Старый Бог Кэры Кудан, вечный сват земли и неба, проносился в воющей вышине, и его шестикрылая Белая Орда швыряла белые хлопья на уснувшие внизу поселки, стонала в горных вершинах, морозила городские дома и еще встречающиеся иногда на его пути – хоть и все реже с каждым годом – затерянные юрты. А наверху, в самом сердце его владений, маленькая белая скорлупка самолета прокладывала свой путь – как вечную победу временного над постоянным – и крохотные люди внутри спокойно дремали в креслах, потягивали лениво томатный сок, и не было им никакого дела до безвременья, до зимы, до степных духов той земли, к которой они приближались.
Публика в салоне была весьма разнообразной, как всегда бывает на международных рейсах. Казахи, возвращавшиеся на родину, сверкавшие подчеркнуто-европейскими светскими улыбками, которые уже в аэропорту, при встрече с близкими, сотрутся, слетят, сменившись совсем другим, домашним, понятным выражением; русские и немцы, чьи предки когда-то белыми костями легли в этих краях – летевшие над той же степью, так же ее любящие, скучавшие по ней в разлуке – но видящие ее, пожалуй, совсем другими глазами; любопытные иностранцы, прижимавшие к иллюминаторам носы и пытающиеся разглядеть за белой небылью огоньки городов незнакомой для себя страны; уйгуры, корейцы, татары – все те, кого ждала в ладонях из гор старая Алматы, сонная под выпавшим снегом.
Убедившись, что вся подотчетная ему испанская делегация, утомленная долгими перелетами от самого Мадрида, дремлет, Дамир тоже начал вглядываться в белую муть в иллюминаторе. Как в детстве, ему почему-то показалось особенно важным разглядеть под крылом самолета самый первый огонек города, ждавшего его вдали. Он бывал в этом городе совсем малышом, лет до пяти, еще не понимая, насколько другим был тот мир, в который он окунался в те короткие визиты. Они запомнились ему сплошным потоком незнакомых лиц, которые считались его родственниками, канатной дорогой на Кок Тобе и величавыми слонами в зоопарке, а особенно – невообразимым смогом и запахом казы и яблок, которыми его угощали. Тогда маленький Дамир смущался, все эти люди были ему чужими, ему приходилось говорить по-русски, потому что казахского он не знал совсем, – и он путал «ты» и «вы», и не хватало слов, и он переходил на привычный уже испанский и жесты, а большие люди вокруг находили это забавным. Кто-то угощал его бешбармаком, а другие спорили о том, настоящий ли это рецепт бешбармака и вообще – почему он бешбармак (пять больших пальцев), а не бес-саусак, но спор выходил бесплодным, потому что и казахский язык многие в семье как следует не знали. А Дамир смеялся, угадывая детским чутьем комичность этой межкультурной оторванности.

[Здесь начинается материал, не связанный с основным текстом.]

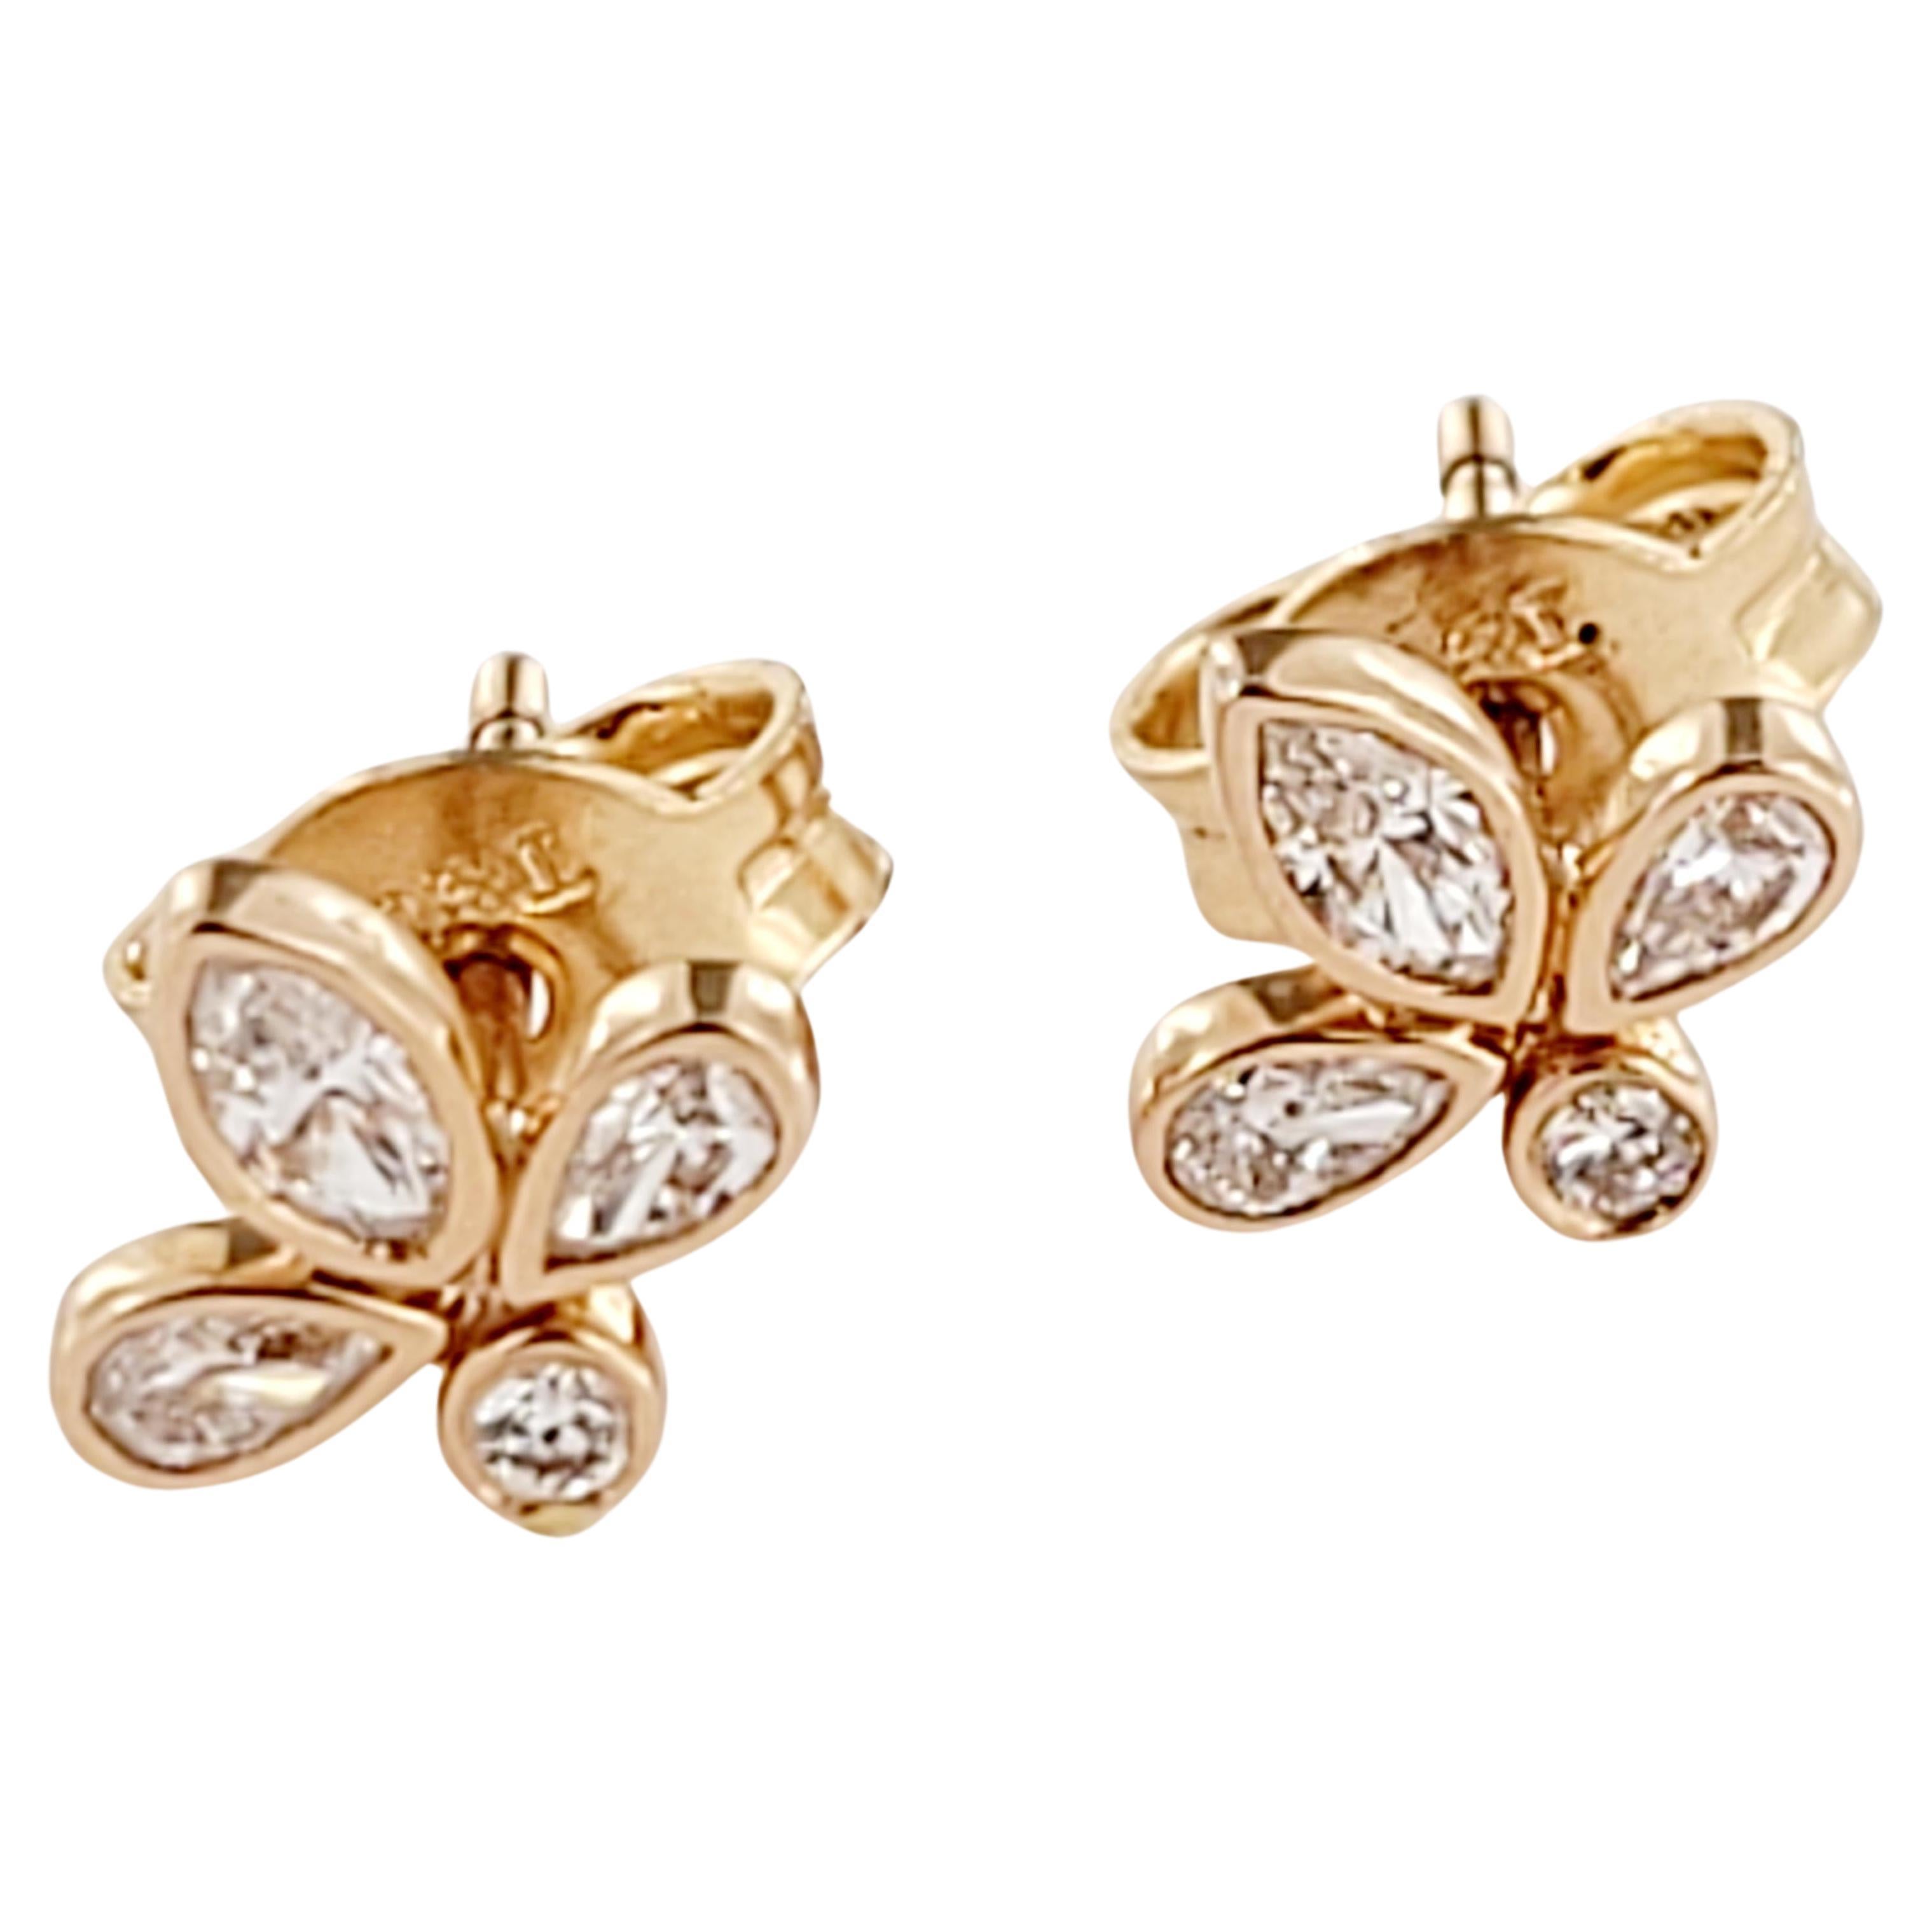 Tiffany & Co. Fleur de Lis Diamond Stud Earring in 18k Rose Gold 0.19 CTW

И вот теперь он сам себя чувствовал, как этот самый неправильный бешбармак, составленный из теста и мяса самых разных народов. Он, испанский гражданин с то ли славянским, то ли тюркским именем, с приподнятыми к внешним уголкам глазами, неожиданно доставшимися от казахского деда через поколение, русским тяжеловатым подбородком, унаследованным от бабушки, римским носом и точеной линией скул испанского отца – странная смесь, не принадлежащая ни одной земле мира. И внешне, и внутренне он был, пожалуй, похож на тех арабов Аль-Андалуса, что уже пришли на иберийскую землю и считали ее своей, но где-то, в уголках генетической памяти, еще помнили маки других степей и снежные вершины совсем других гор. А вот где находятся эти горы – Дамир не знал. И, может быть, поэтому, когда он искал первые огоньки в черно-белом рисунке заснеженной земли, какое-то странное предчувствие, словно привкус полыни в горле, сбивало порой дыхание.